`Scheduler was unaware of this worker` message during worker shutdown
Opened this issue · 0 comments
@bnaul reported seeing frequent messages like Scheduler was unaware of this worker 'tcp://10.124.34.24:45585'. Shutting down
on an adaptive cluster with 2k workers. I think this message is likely to show up somewhat often during normal worker shutdown, due to the inconsistency in how the scheduler defines closed workers: #6390. It's not actually a sign of anything being wrong in this case, but is noisy and misleading.
Here's a possible flow for a worker being closed:
- Scheduler calls
remove_worker
on the worker and instantly removes its state tracking that worker’s existence. It also queues an{"op": "close"}
message to send to that worker (but does not send it yet). - Before that
{"op": "close"}
message has reached the worker, the worker sends another heartbeat (or potentially, a heartbeat was even already on the wire before the scheduler ranremove_worker
) - Scheduler receives the heartbeat
- Scheduler thinks the worker doesn’t exist, causing this response
- The worker is already shutting down, so the
{"status": "missing"}
response doesn’t actually change anything worker-side (it still shuts down as usual)

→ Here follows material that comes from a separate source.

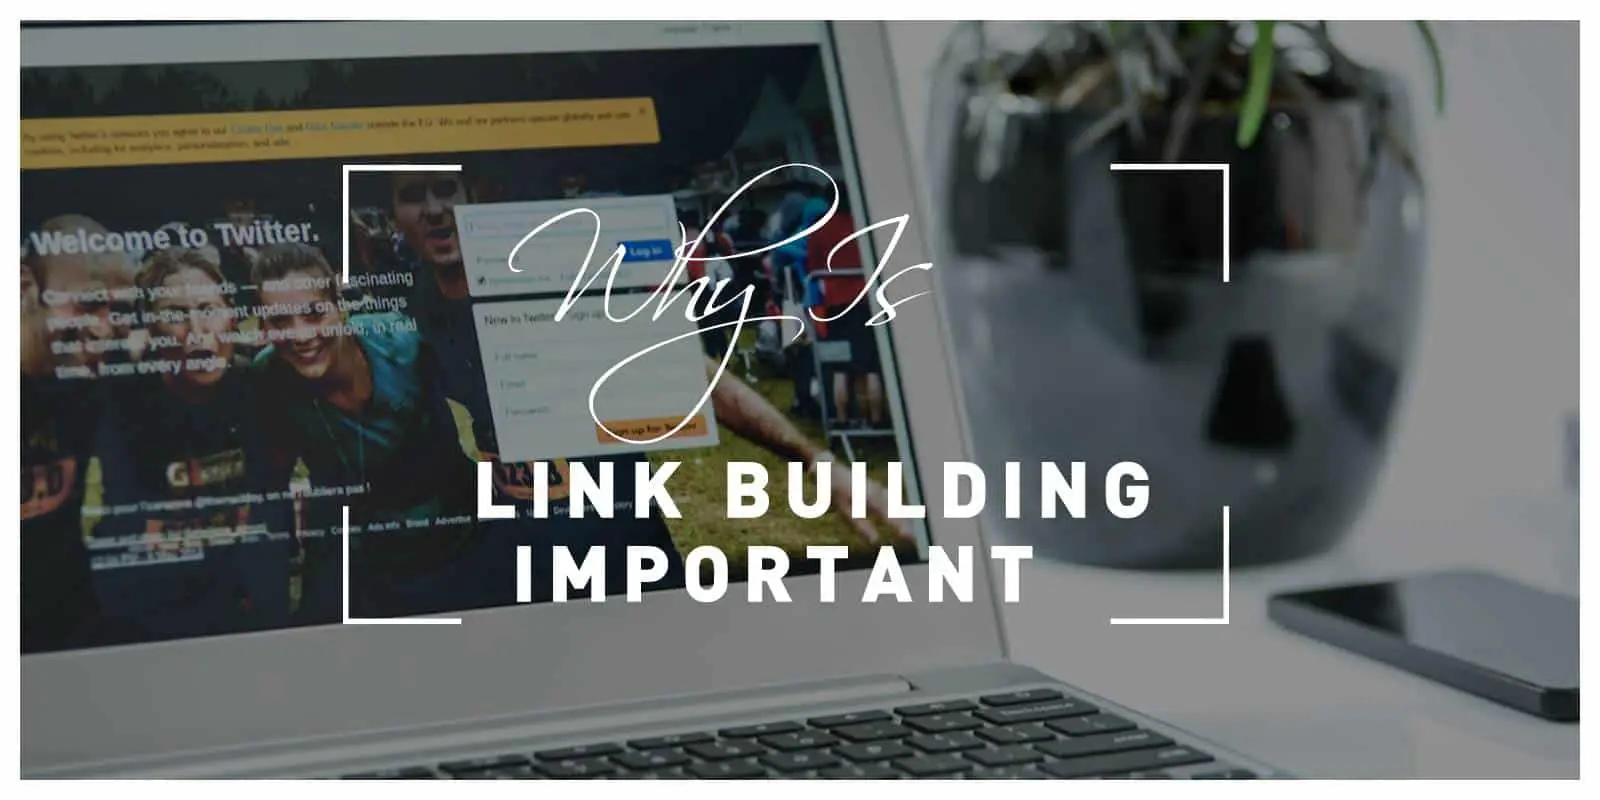 Why Is Link Building Important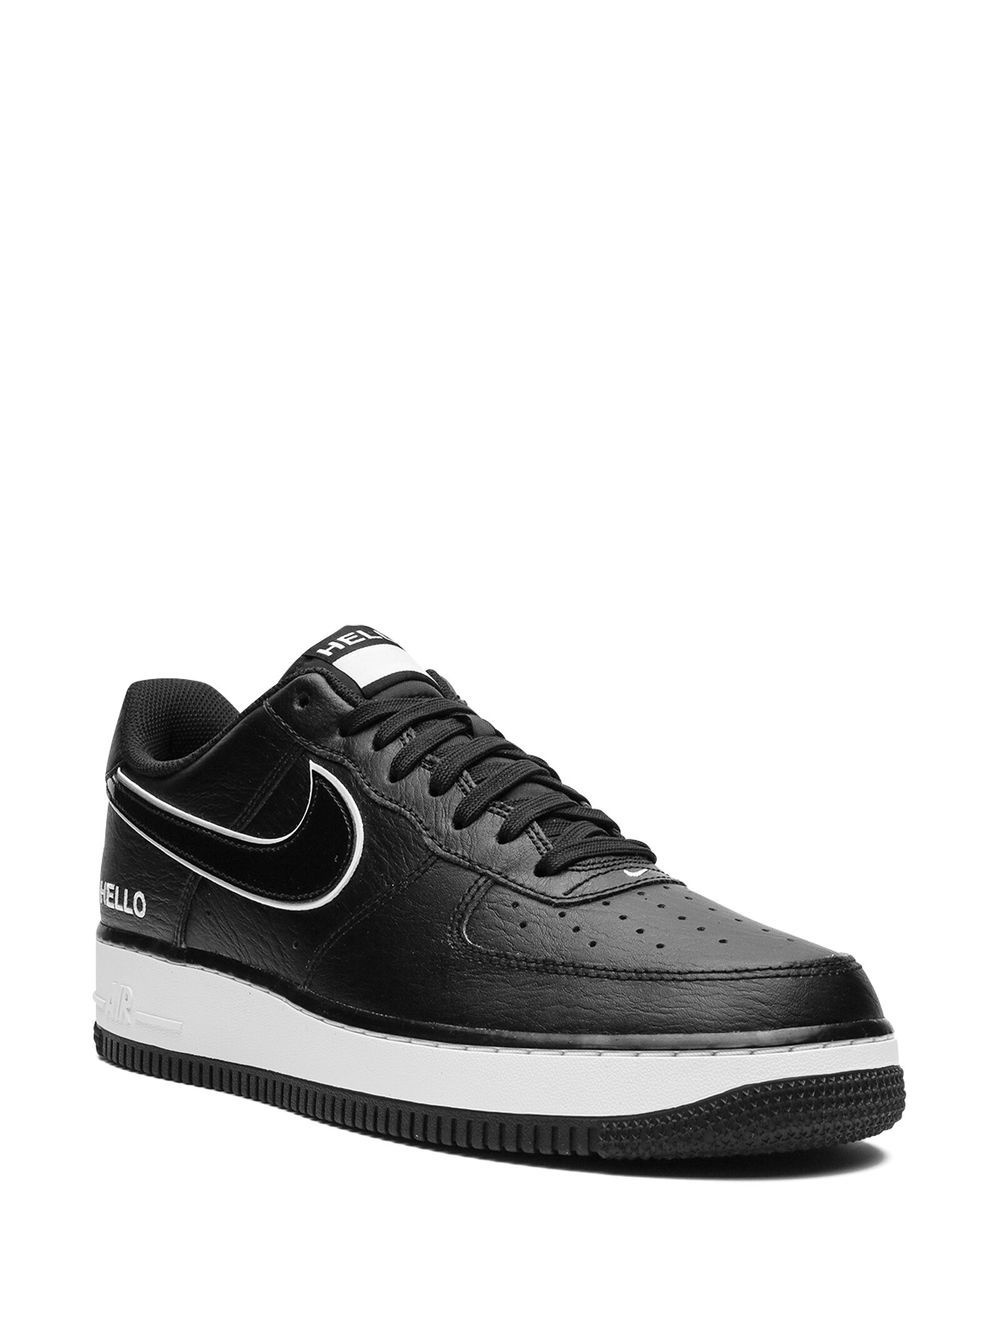 Air Force 1 '07 LX "Hello" sneakers - 2

Eliminating this message on the worker side would be easy:
diff --git a/distributed/worker.py b/distributed/worker.py
index 86e1fba5..1173abc3 100644
--- a/distributed/worker.py
+++ b/distributed/worker.py
@@ -1177,12 +1177,13 @@ class Worker(BaseWorker, ServerNode):
self._update_latency(end - start)
if response["status"] == "missing":
- # Scheduler thought we left. Reconnection is not supported, so just shut down.
- logger.error(
- f"Scheduler was unaware of this worker {self.address!r}. Shutting down."
- )
- # Something is out of sync; have the nanny restart us if possible.
- await self.close(nanny=False)
+ if self.status not in (Status.closing, Status.closed):
+ # Scheduler thought we left. Reconnection is not supported, so just shut down.
+ logger.error(
+ f"Scheduler was unaware of this worker {self.address!r}. Shutting down."
+ )
+ # Something is out of sync; have the nanny restart us if possible.
+ await self.close(nanny=False)
return
self.scheduler_delay = response["time"] - middle
On the scheduler side though, it's reflective of a larger problem around how we represent the state of a closed worker: #6390.
The problem is that the scheduler puts things in a "closed" state (by deleting self.workers[address]
) while the worker may still be alive and connected. In the case of a clean shutdown, it would probably make sense if worker closure followed a request-response:
- Scheduler asks worker to close. It keeps
workers[address]
around, but theWorkerState.status
is set toclosing
, and any tasks it's running or storing are transitioned off immediately (like currently happens). - Worker responds with a confirmation of the closure, which would be guaranteed to be its last message to the scheduler.
- Scheduler removes
workers[address]
.
This confirmation wouldn't have to be a message or RPC, per se—it could simply take the form of the worker closing the batched stream to the scheduler. The point is though, there needs to be some way of representing gray area where we've asked a worker to close, but haven't confirmed that it's gone yet.